How Does the Yorkshire Square Work?

Top Fermenting Yeast will ascend from the lower deck to the upper deck. The rising of the yeast is a result of a combination of its aggregation and it riding the release of carbon dioxide bubbles. Any entrained beer in the yeasty foam gets drawn back down through “organ” pipes leading back to the lower level.

The wort can also be mechanically circulated to improve yeast suspension and clumping.

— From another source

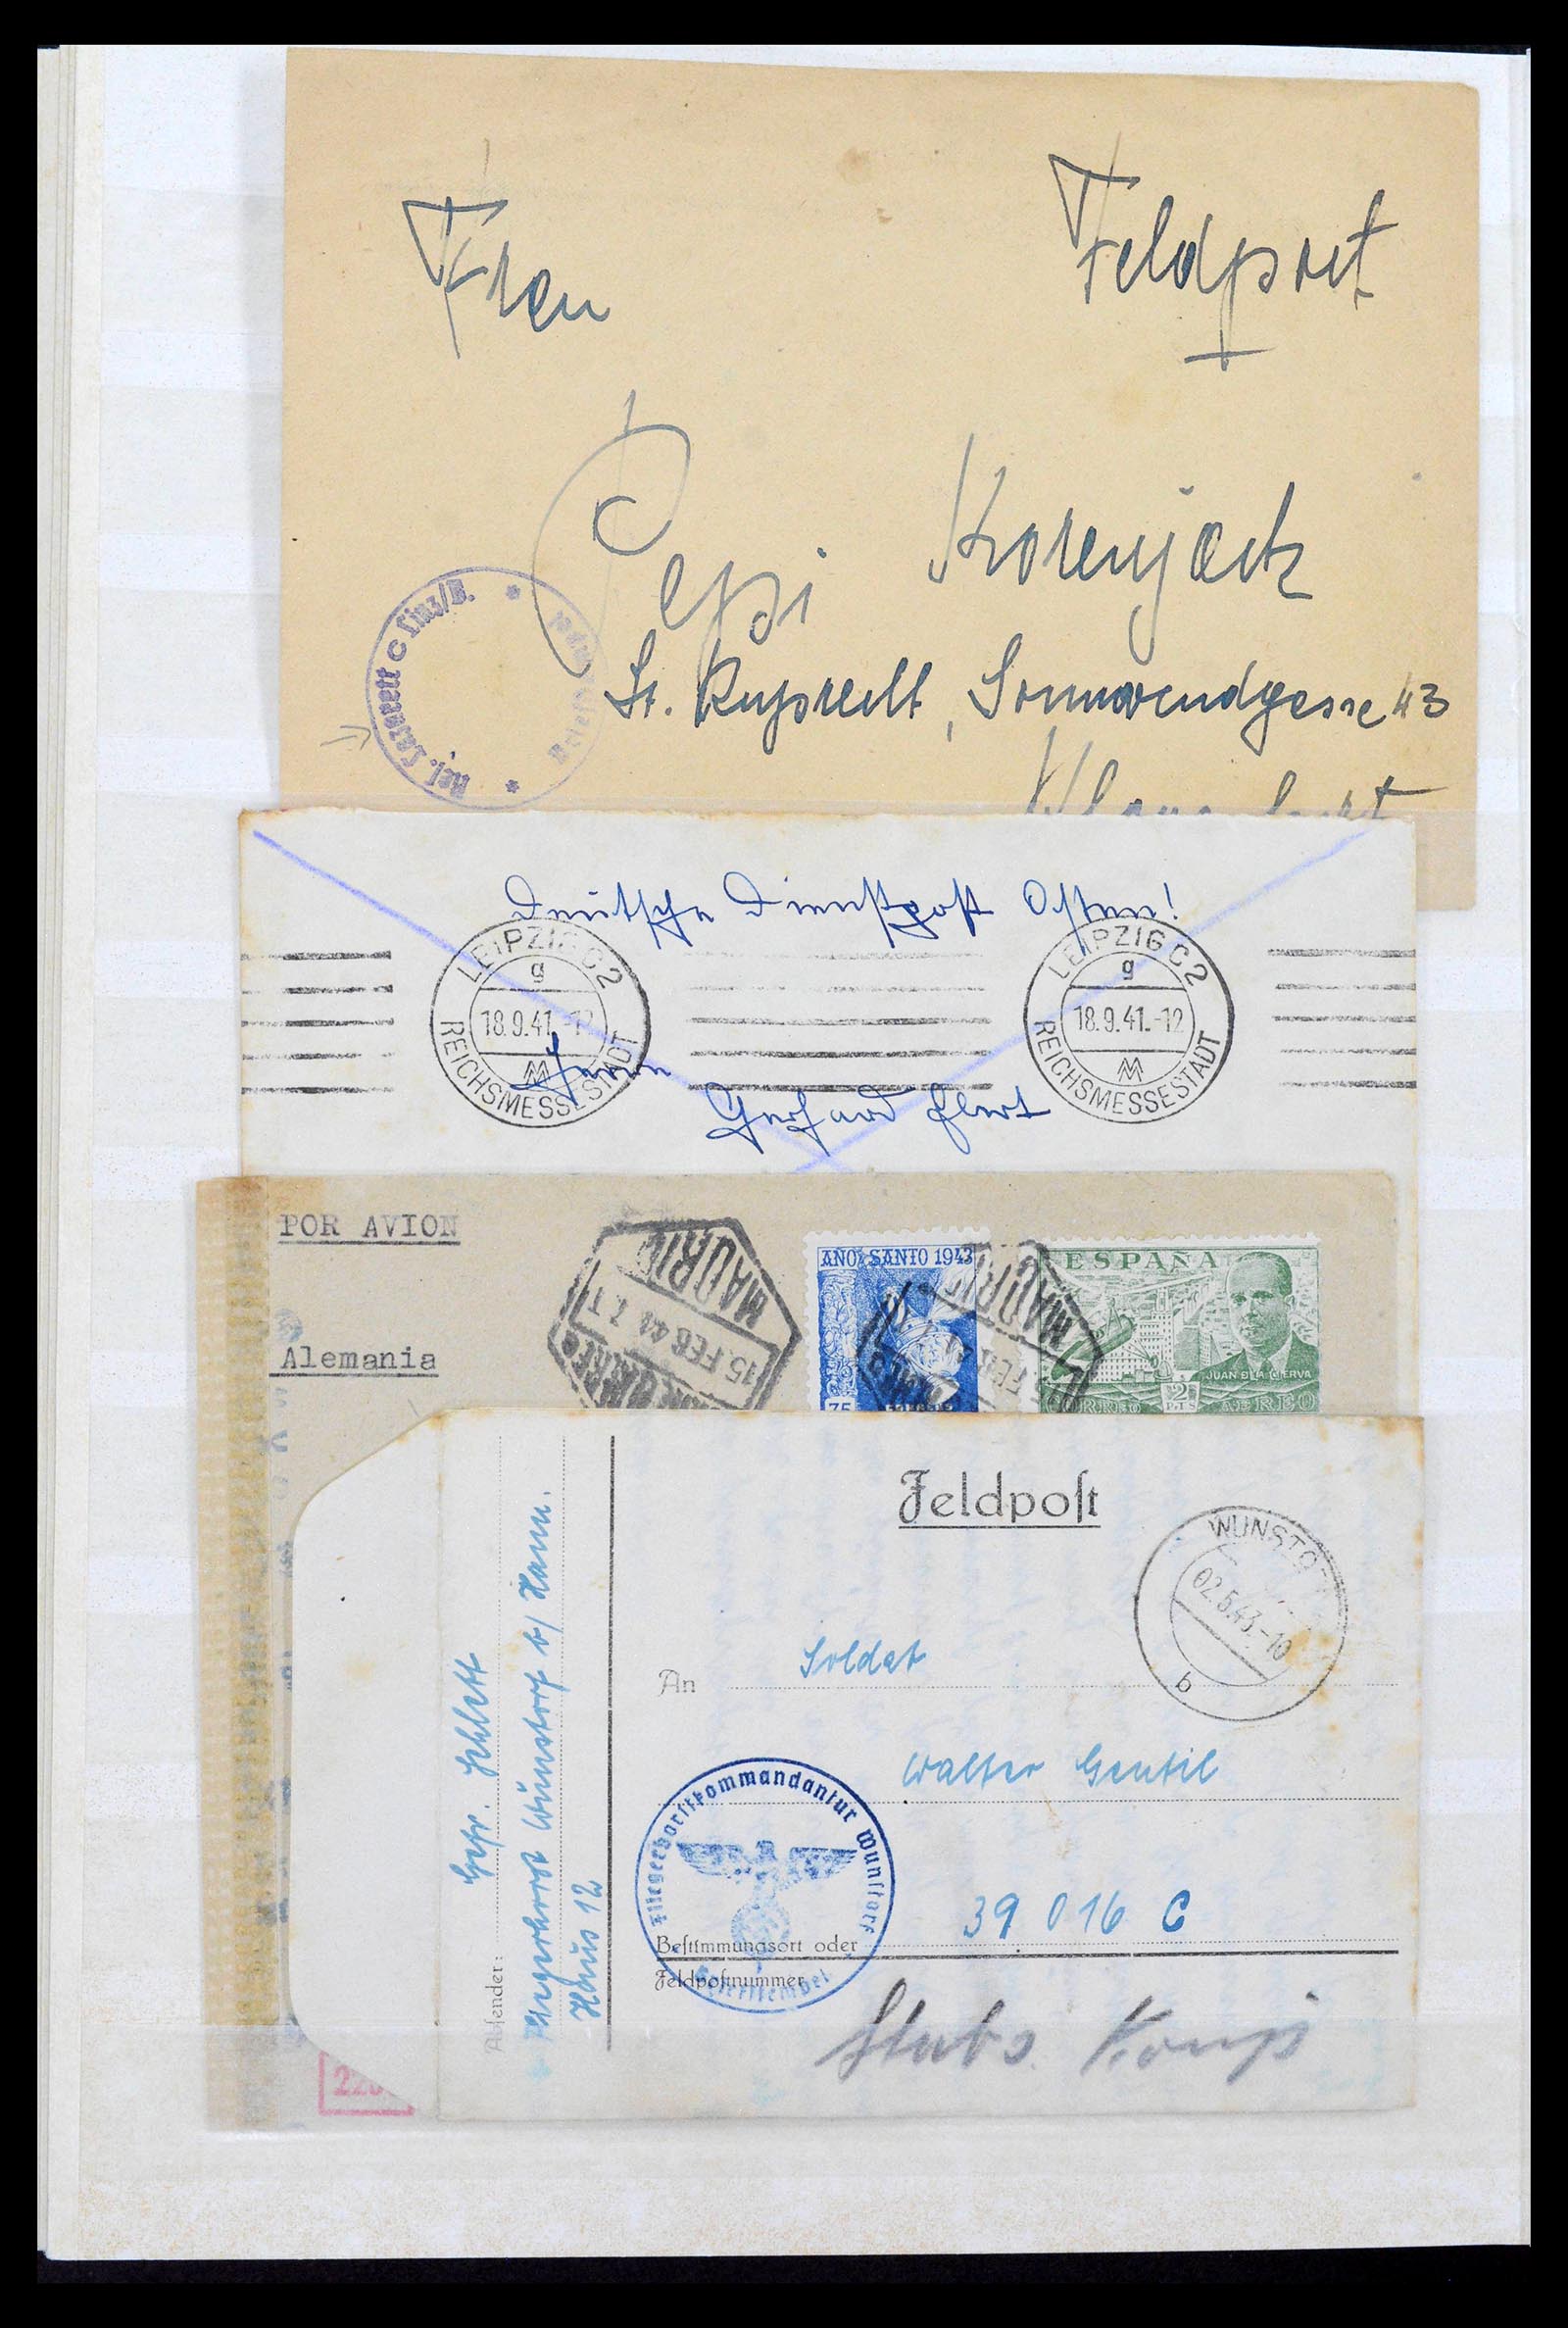 38865 0058 - Stamp collection 38865 German occupation 2nd worldwar 1939-1945.
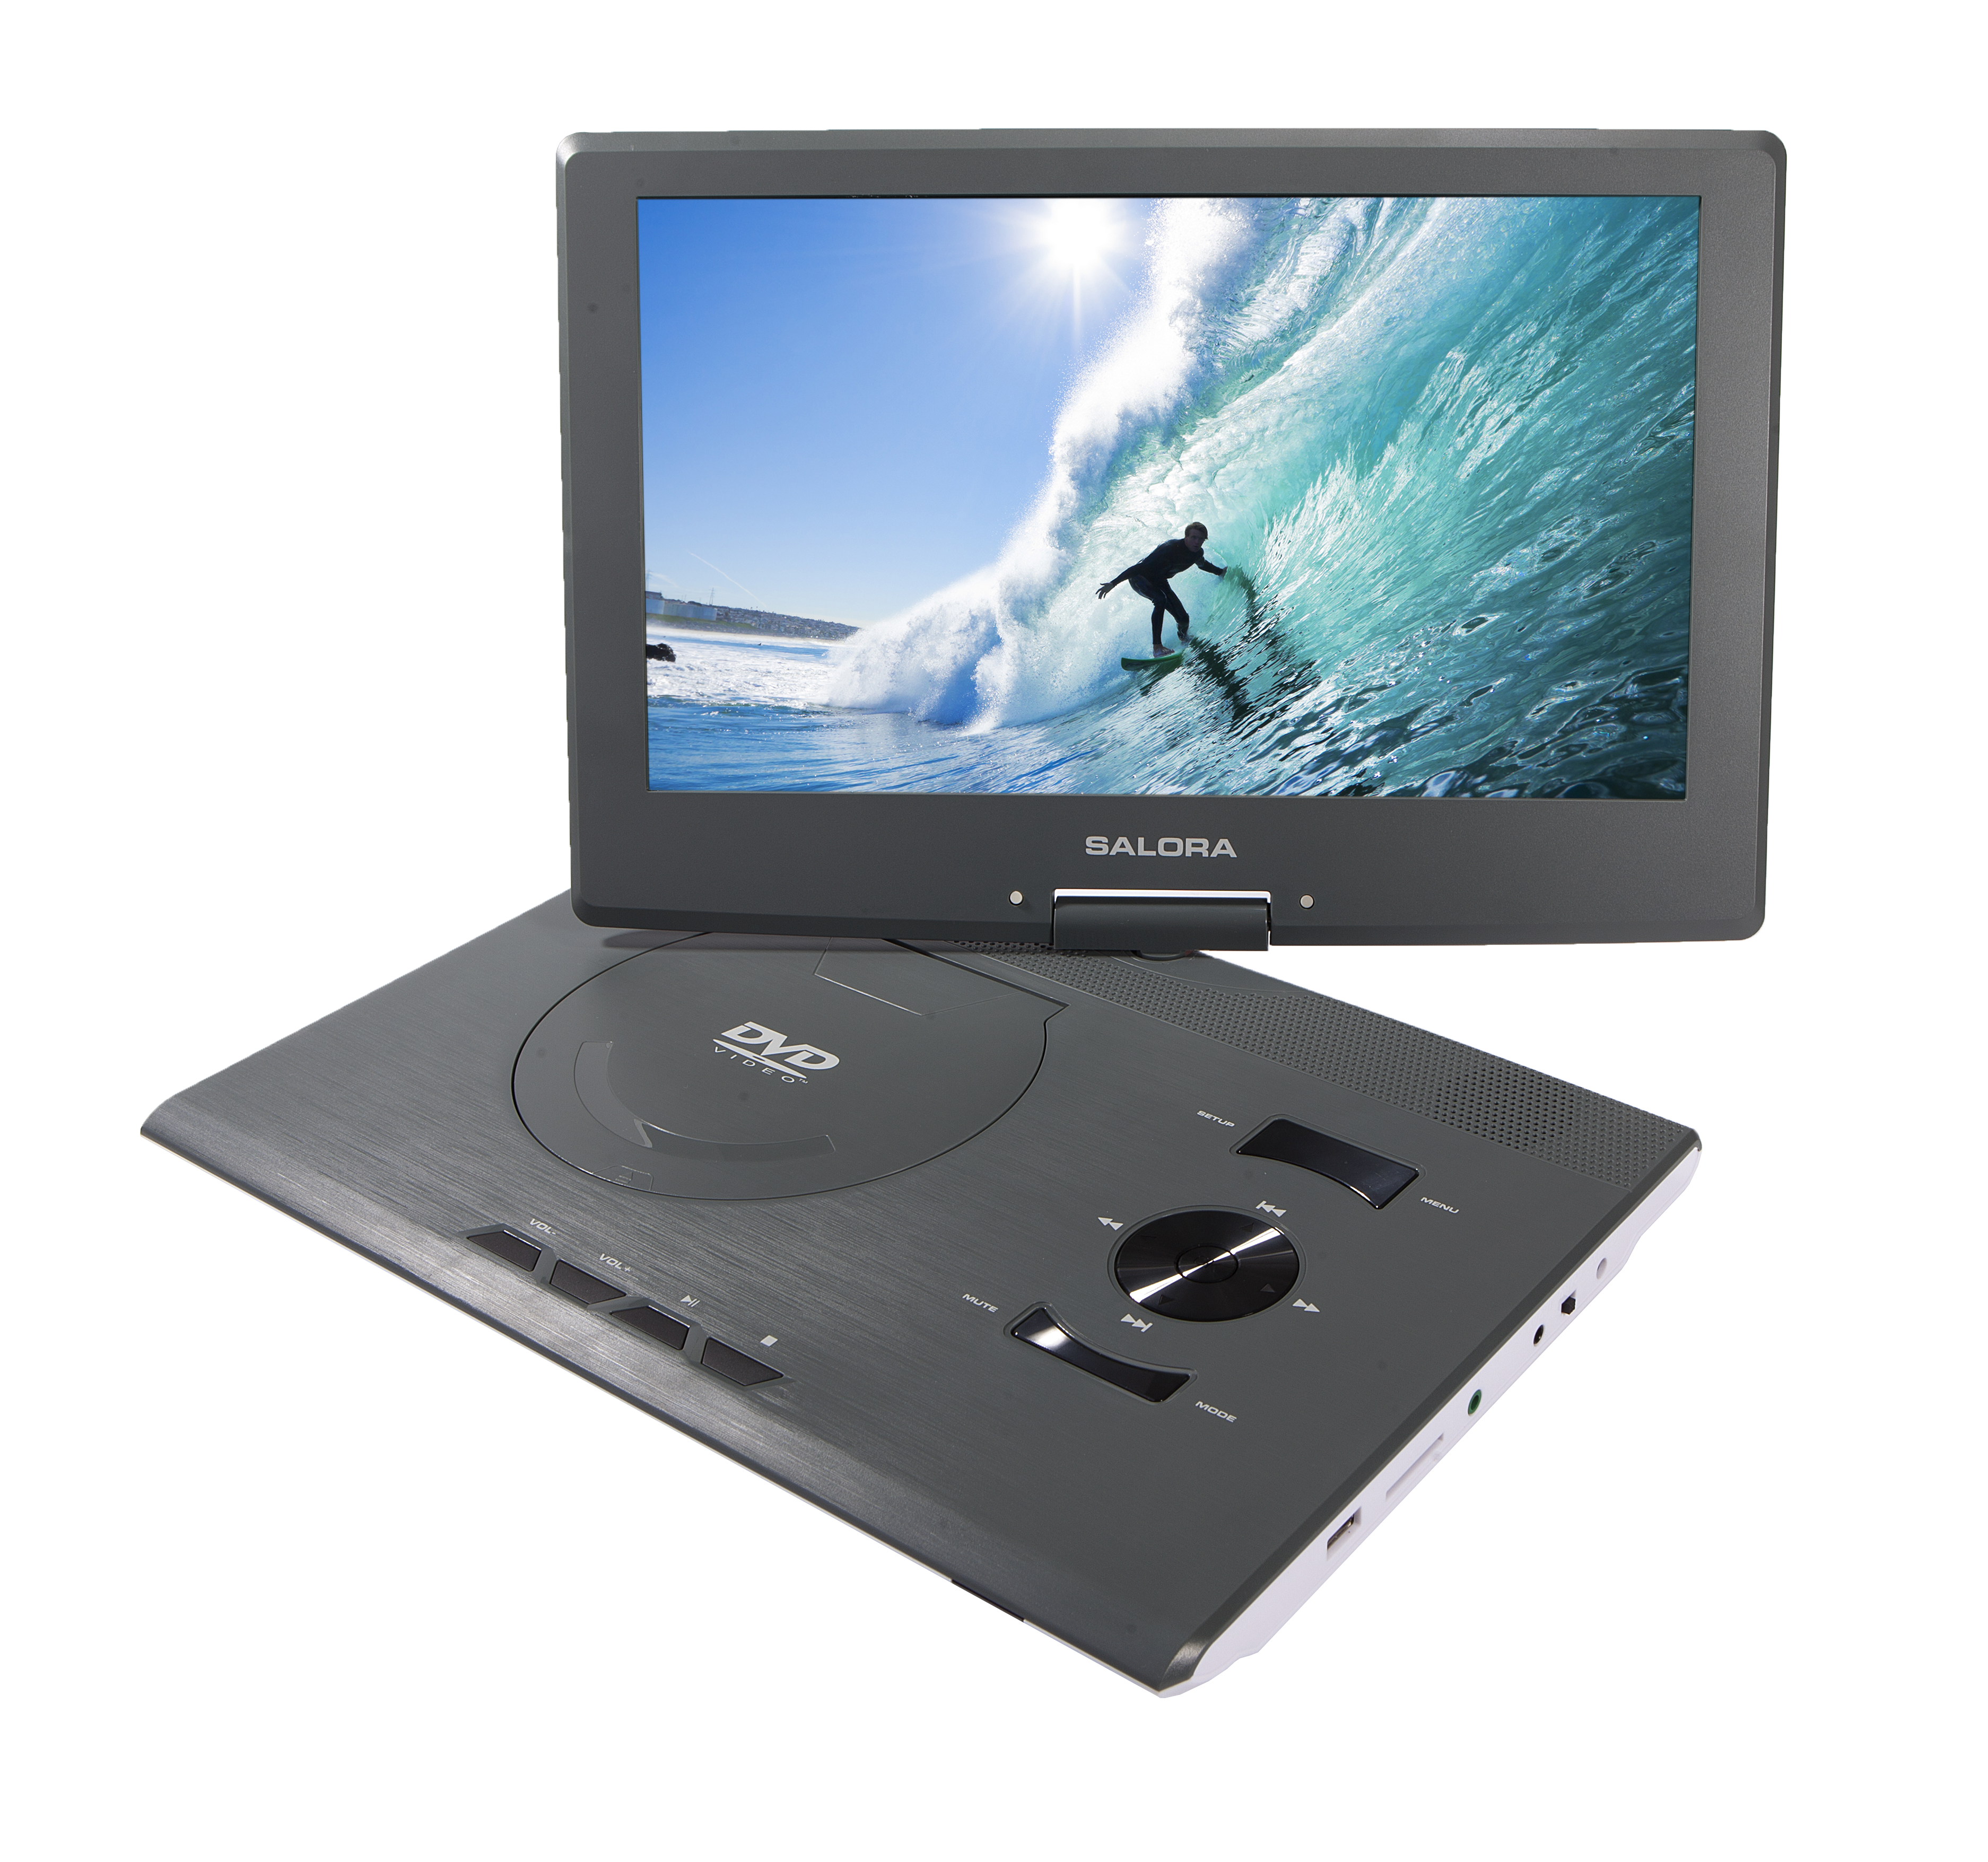 DVP1400 SALORA Portabler DVD Player., Grau

The above-mentioned situations present the following opportunities:

  • Skimming and reuse of yeast for the next batch, and
  • ultimately, the lower deck retains relatively clear beer since the majority of particles should stay in the upper deck.

What Is the Burton Union System?

This system looks like a monstrosity made by a mad scientist. It employs the following configuration of vessels and troughs:

  • A top trough. Used for the retention and collection of expelled yeast head.
  • An array of interconnected barrels — traditionally made of wood.
  • A bottom trough. Used for the collection of fermented liquid.

It essentially follows the same operational concept of the other vessel/systems: recycle yeast and retain clear beer.

Open Top Fermentation vs. Closed Fermentation

Open Top Fermentation can seem like a great method but it has its pros and cons when contrasted with Closed Fermentation.

Here is a quick look at their differences:

  Open Top Closed
Yeast Reusability Easily accessed and harvested since it is open You’ll need to undergo yeast washing
Ease of Contamination • Use filtered fresh air to avoid contamination of large batches

• Watch out for insects and vermin access

As long as the vessel remains sealed there should be a minimal chance of infection.
Carbon Dioxide Management Natural or Mechanical exhaust needs to be provided for large batches CO2 can easily be piped for disposal or storage
Outgassing Undesirable gases escape readily The chance of reabsorption of undesirable gases is higher because of restricted airflow
Can Easily Undergo Spontaneous Fermentation If needed for extended periods, Yes No

Bigger and more complicated systems like Burton Union System can be quite challenging to clean because of the barrel arrays.

The reasons above should capture why you should or should not do open-top fermentation. But if you are a small homebrewer, avoiding contamination at all times can be a challenge in itself. That is why it is recommended that lesser-experienced brewers should stick to closed systems.